Avoiding Duplicate Images

Duplicate images in an image collection is not good. Never mind all the extra disk space it uses, more important is the confusion it can cause and the time it wastes. For instance, someone searches for a photo and finds multiples of the same image. They don’t know which to use. They may be different sizes or qualities. They may have to take the time to inquire with colleagues to understand which should be used. This wastes both peoples time. Another example: someone wants up add data such as tags, author or copyright, but end up updating only one or have to bother updating both. To compound matters, often there’s not just a single duplicate. There might be 3 or 5 or 10 copies of an image. A clean, duplicate free image collection is so much more valuable than one littered with confusing and time wasting copies.

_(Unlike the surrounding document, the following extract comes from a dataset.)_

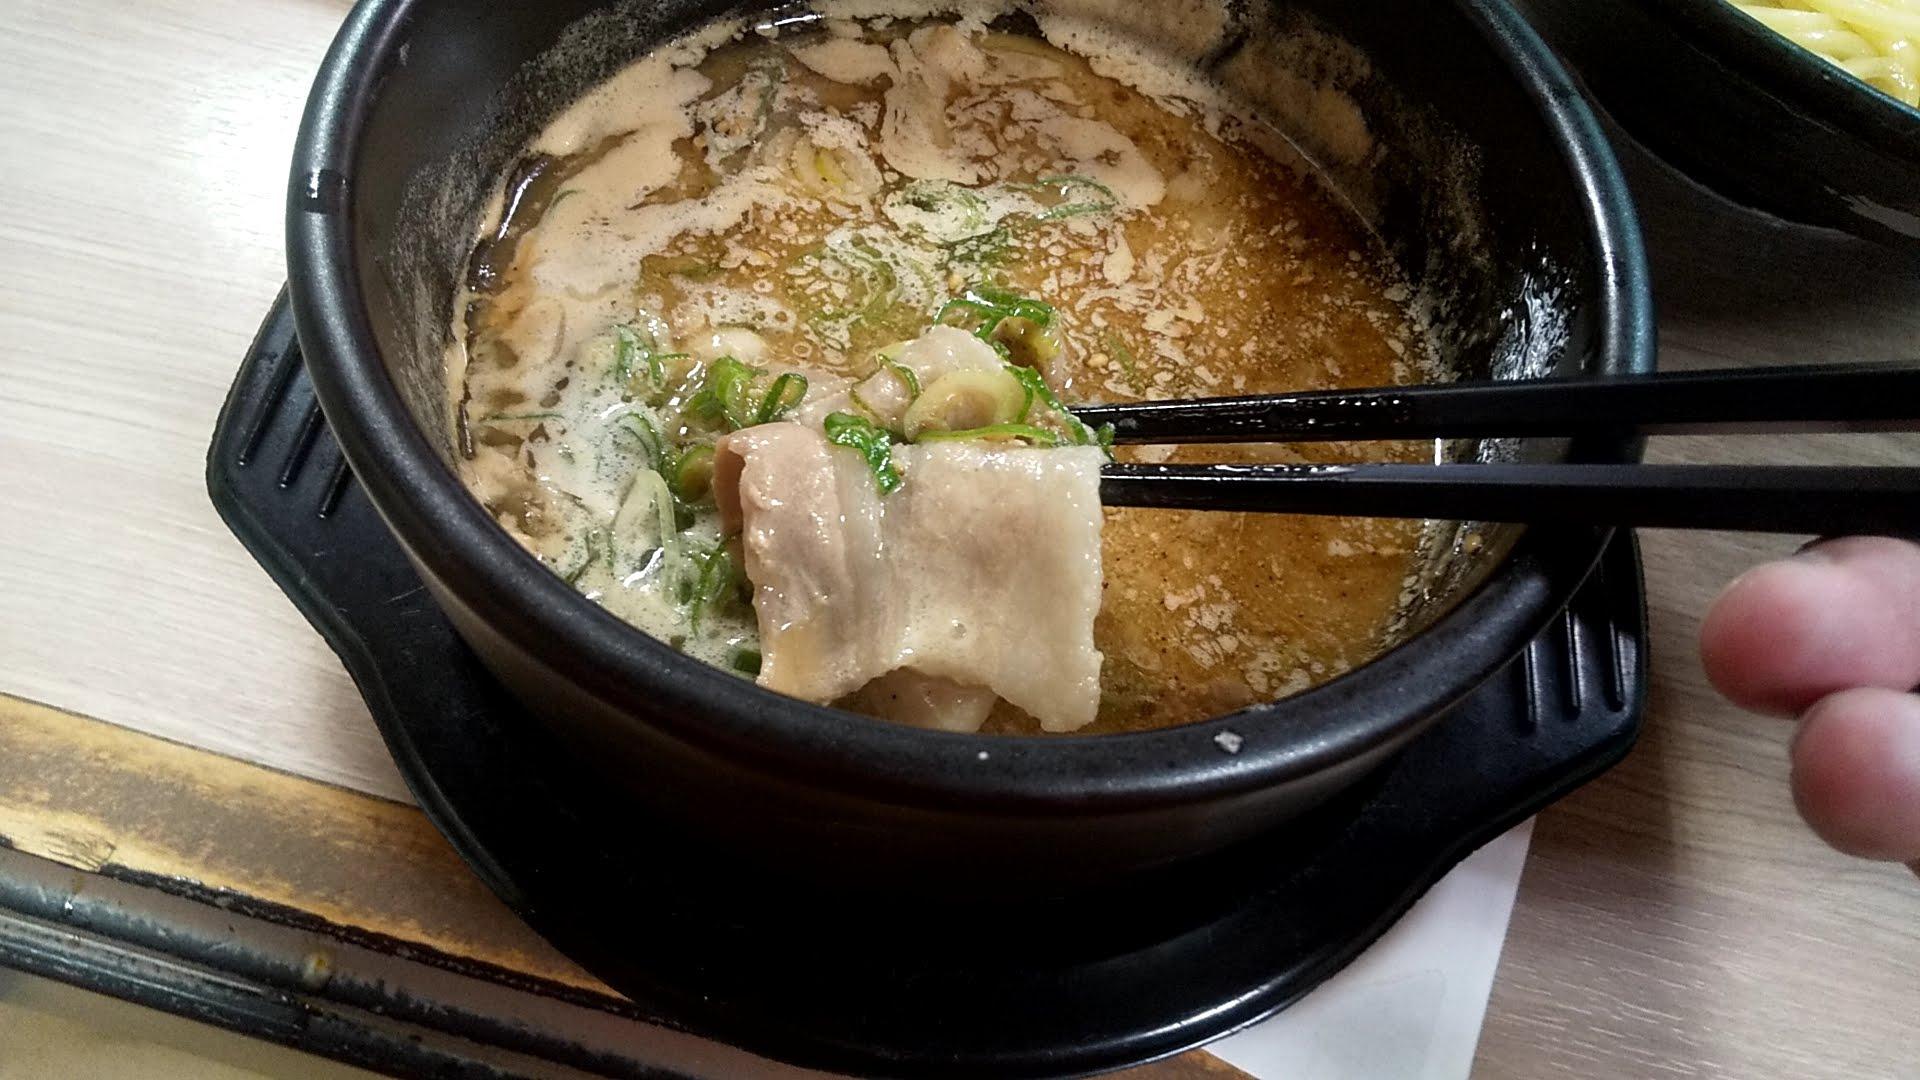 越後つけ麺維新の特製かつおつけ麺のつけ汁の中の豚バラ肉

No Reason for Duplicates with DBGallery

Avoiding duplicates within DBGallery falls into two categories:

1. Tools to negate the need for them

2. Detecting when they exist

3. Finding related images

Tools to negate the need for duplicates

There are times when someone on a team will be tempted to create duplicates.  Two clear examples for why: 

  • They're creating a promotional campaign and look around for the images they wish to include, making a copy of the file each time they frequently build out a campaign.  This is the most common reason for creating duplicate images.

Avoiding this within DBGallery: Use "Collections".  This is one the product's most loved and most convenient features, where it creates pointers back to original images using "Collections".  Drag an image from any folder and drop it onto a collection to create a pointer to the original image.  In the Collection, the thumb will show as usual, and opening it will show data, allow downloads, etc., as with an image in a folder.  Collections look like folders, and can have a similiar structure of sub-Collections, but store only pointers (or shortcuts) rather than making a copy of the file.  When no longer needed, a Collection can just be deleted without effecting the original images.  "Collections" can be configured in the UI to be named anything, the most popular being "Projects", "Campaigns", and "Light Boxes".  See Collections in our Knowledge Base for a full description of this great feature. 

  • Storage of various size images so they can be easily downloaded.

Avoiding this within DBGallery: There is a dropdown in each image preview to choose various image sizes for download.  No need to store them seperately.

Tools to detect and cleanup duplicates

DBGallery is able to detect duplicates as they are uploaded and can check for them across the entire collection.

Detection during Upload

The most appropiate place to check is when they're being added to the system.  Why let them be added at all right?  DBGallery has a checkbox in its upload dialog which everyone should use: Detect Duplicates.  When duplicates are detected the upload page lights up a "Resolve Duplicates" button (Figures 1), which leads to a "Resolve Duplicates" page (Figure 2).

Figure 1: The upload dialog having detected duplicates.


Figure 2: The resolve duplicates page shown when there are duplicates detected during upload.


Global Duplicates Detection

Unfortunately the upload process by itself isn't sufficient.  Duplicates can sneak through or exist in the initial set of images added to DBGallery during system setup. 

For these scenarios there is a Global Duplicates Check.  It is found in the Tools menu of DBGallery's main page.  It looks and operates very much the same as the upload check, with some additional options because it can be quite some effort to clean up a large image collection after initially populating it.  One difference: there is an option to ignore a group of duplicates when in rare case they're valid or need to be kept around while it's decided what the initial creator wants to do with them.

Figure 3: The global duplicates check page.

Finding Related Images

When the above exact duplicates isn't sufficiuent, finding near-duplicates through related images can be effective.  This is when the images aren't exactly the same but so close they aren't needed, such as when burst mode on a camera is used.  Introduced in the winter of 2024, Find Related Images searches for photos that are visually similar, are taken 5 minutes before or after the selected image, as well as those with similar data.  The screenshot below shows how this looks.  See Related Images in our Knowledge Base for a more detailed look at this capability.

Figure 4: The Related Images sidebar.


In summary, I'll repeat what was said above: a clean, duplicate free image collection is so much more valuable than one littered with confusing and time wasting copies.  Duplicate images are evil!  The good news there is no need for them to be a problem when provided with ways to detect them and tools to negate the need to have them in the first place.  Both of which are provided in DBGallery.